# generating function for harmonic sequence

How I can find the generating function for the sequence $$\frac{ H_n } n$$ where $H_n$ -harmonic numbers. I know that $$\sum\limits_{k=1}^{\infty}H_kz^k = -\frac{\ln(1 - z)}{1 - z}$$ So, what should I do? Just find generating function for the sequence $$\sum\limits_{k=1}^{\infty}H_kz^k\frac{1}{k}$$ or what?

Integrate both sides of your identity between $0$ and $t$. You'll get: $$\frac{1}{2}\log^2(1-t)=\sum_{k=1}^{+\infty}\frac{H_k}{k+1} t^{k+1} = \sum_{k\geq 2}\frac{H_{k-1}}{k}t^k.$$ Since $H_{k-1}=H_k-\frac{1}{k}$, by adding $\operatorname{Li}_2(t)$ we are done.

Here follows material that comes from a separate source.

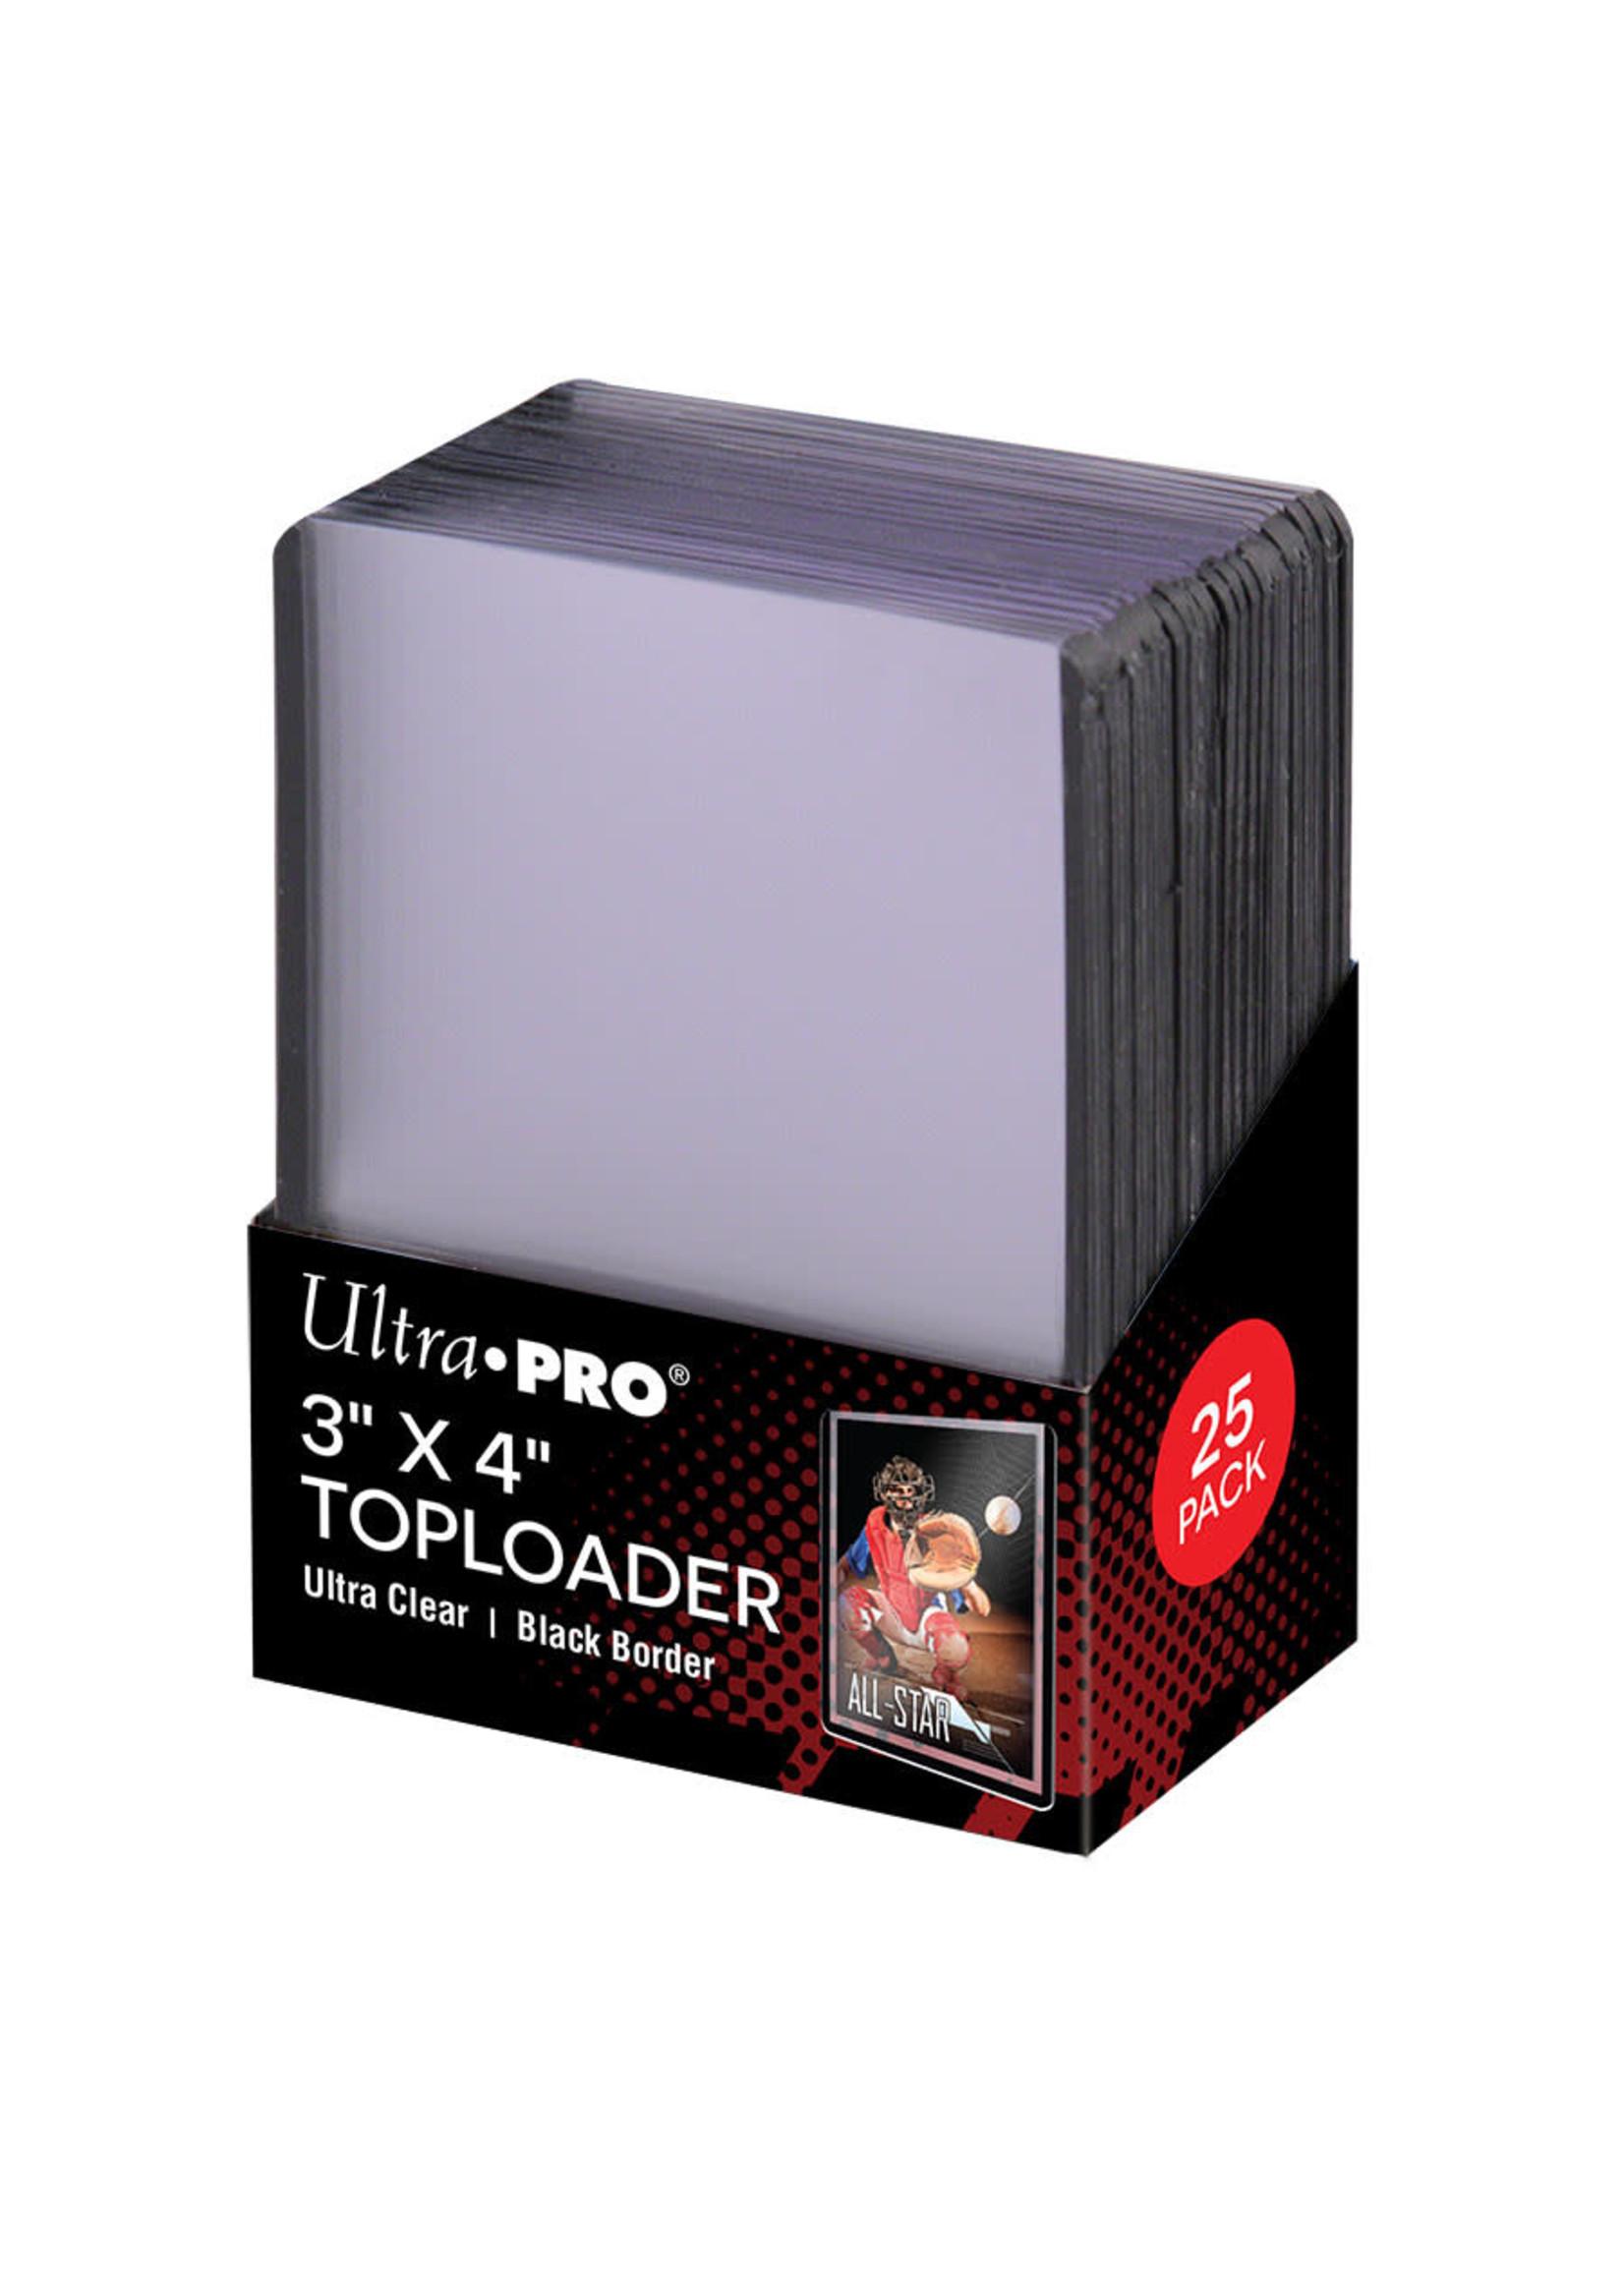 Ultra Pro Toploader 3X4 Black Border

Starting from the generating function for the harmonic numbers, a generating function for the sequence $\frac{H_{n}}{n}$ may be found as follows: for $z,x\notin[1,\infty)$,
\begin{align} \sum_{n=1}^{\infty}H_{n}z^{n} &=-\frac{\ln{\left(1-z\right)}}{1-z}\\ \implies \sum_{n=1}^{\infty}H_{n}z^{n-1}&=-\frac{\ln{\left(1-z\right)}}{z\left(1-z\right)}\\ \implies \int_{0}^{x}\sum_{n=1}^{\infty}H_{n}z^{n-1}\,\mathrm{d}z&=-\int_{0}^{x}\frac{\ln{\left(1-z\right)}}{z\left(1-z\right)}\,\mathrm{d}z\\ \implies \sum_{n=1}^{\infty}H_{n}\frac{x^{n}}{n}&=-\int_{0}^{x}\frac{\ln{\left(1-z\right)}}{z\left(1-z\right)}\,\mathrm{d}z\\ &=-\int_{0}^{x}\frac{\ln{\left(1-z\right)}}{z}\,\mathrm{d}z-\int_{0}^{x}\frac{\ln{\left(1-z\right)}}{1-z}\,\mathrm{d}z\\ &=\operatorname{Li}_{2}{\left(x\right)}+\frac12\ln^2{\left(1-x\right)}\\ &=-\operatorname{Li}_{2}{\left(\frac{x}{x-1}\right)}.\\ \end{align}